Esta decisión encuentra consonancia con la sentencia de 9 de julio de 2009, proferida por la Sección Segunda de esta Corporación”. 58. Como se puede evidenciar, la Sala Laboral de la Corte Suprema de Justicia y la Sección Segunda del Consejo de Estado tenían posiciones contrarias, en relación con la aplicación del IBL a quienes se encontraban en el régimen de transición de la Ley 100 de 1993. 59.

Para la Corte Suprema de Justicia “el régimen de transición solamente mantuvo, de las normas anteriores al Sistema General de Pensiones, tres aspectos concretos: edad, tiempo de servicios o semanas cotizadas y monto de la pensión; de tal modo que (…) la base salarial de liquidación de la pensión no se rige por las disposiciones legales precedentes, sino que pasó a ser regido, en principio, y para quienes les hacía falta menos de diez años para adquirir el derecho, por el inciso 3 del artículo 36 [de la Ley 100 del 93]”[30]. 60.

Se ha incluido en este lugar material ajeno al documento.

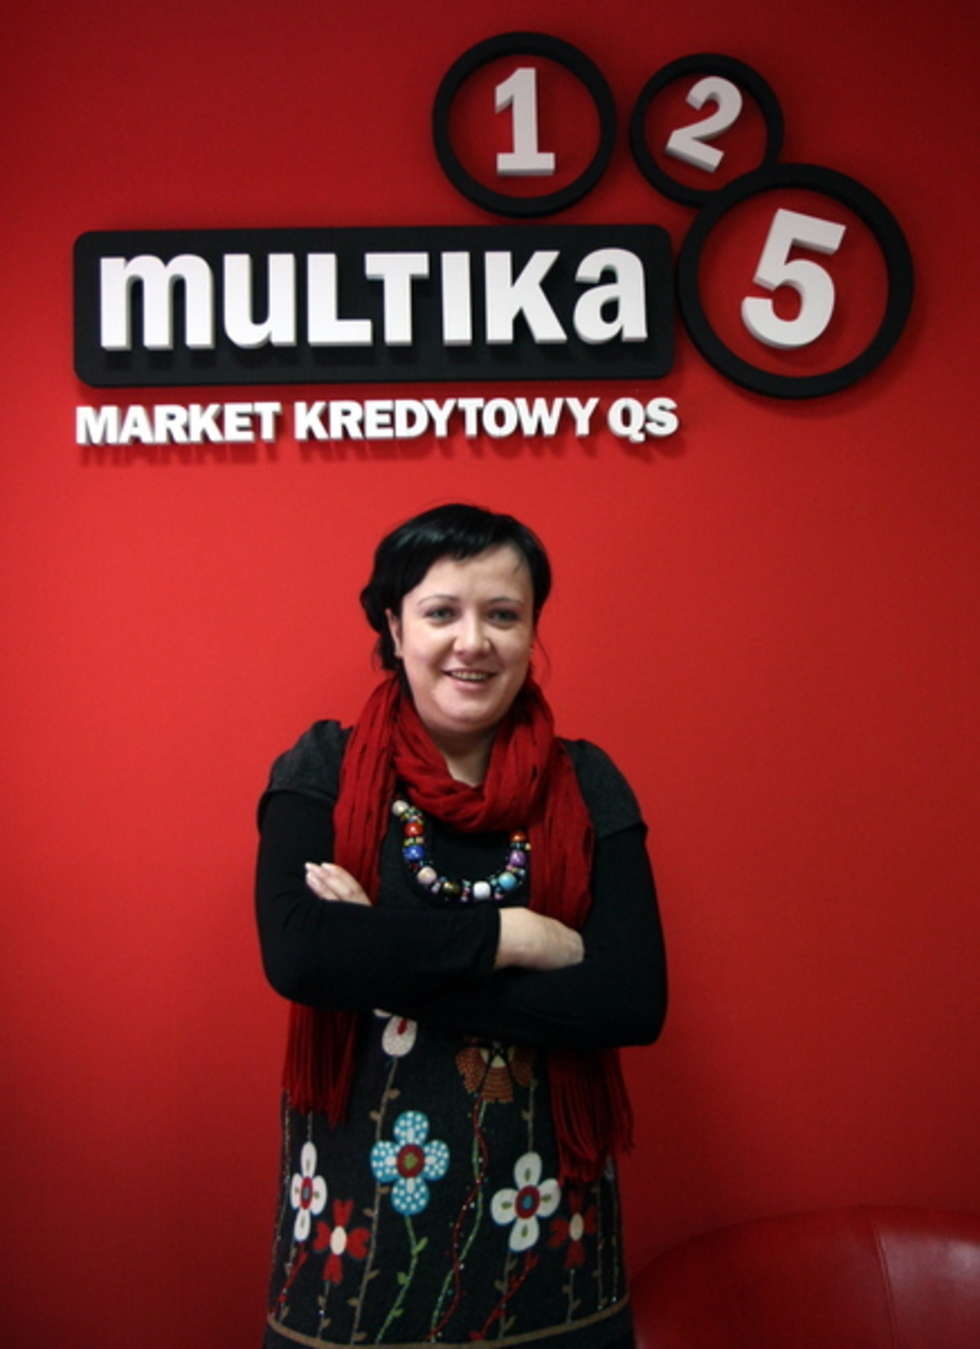  <b> Liberta Chodkiewicz-Wrona </b> prowadzi agencje kredytową w Lublinie. Jeśli chcesz oddac glos na<b> Liberta Chodkiewicz-Wrona </b>wyślij SMS-a o treści <b> DWKOBIETA.12 </b>pod numer 71051. Koszt SMS-a to 1,22 zl z VAT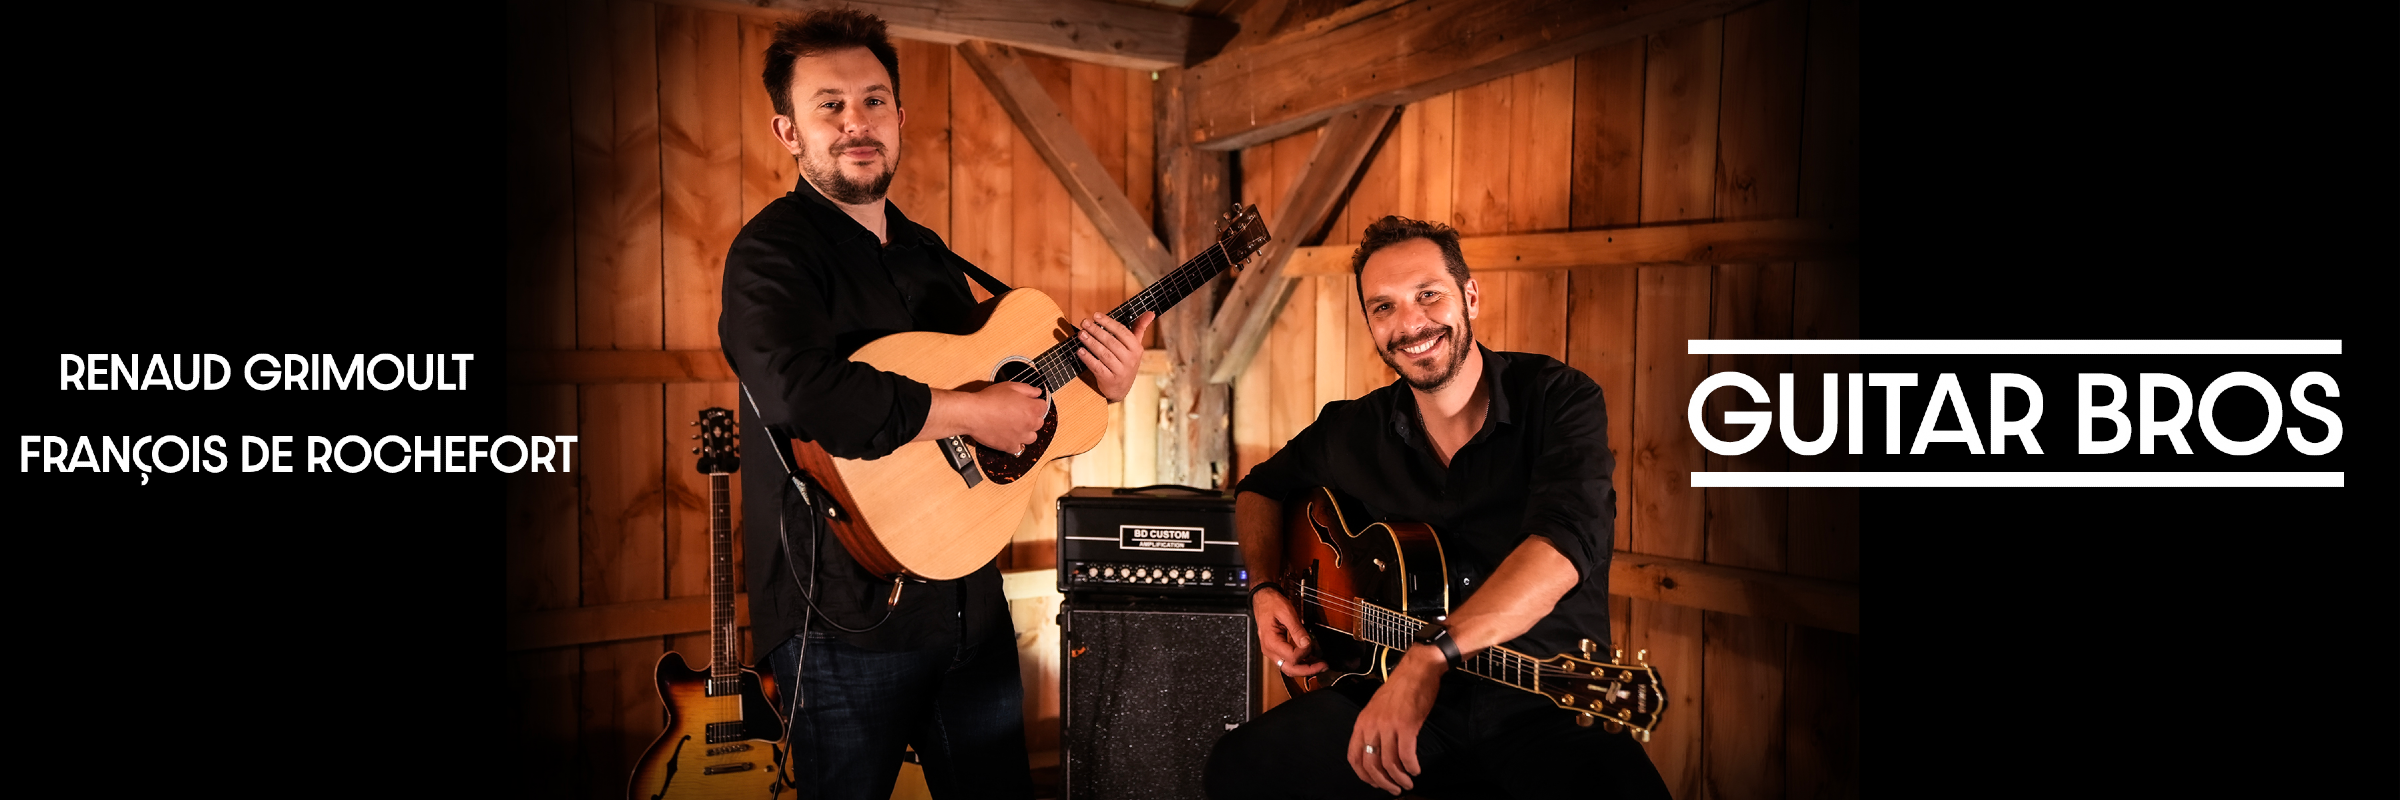 Guitar Bros, musicien Pop en représentation à Gironde - photo de couverture

En cambio, para el Consejo de Estado, el principio de inescindibilidad de la norma permitía efectivizar los derechos y garantías constitucionales, por lo cual los factores salariales que se incluían en la base de liquidación pensional eran todos aquellos que fueron devengados por el trabajador, previa deducción de los descuentos por aportes que dejaron de efectuarse.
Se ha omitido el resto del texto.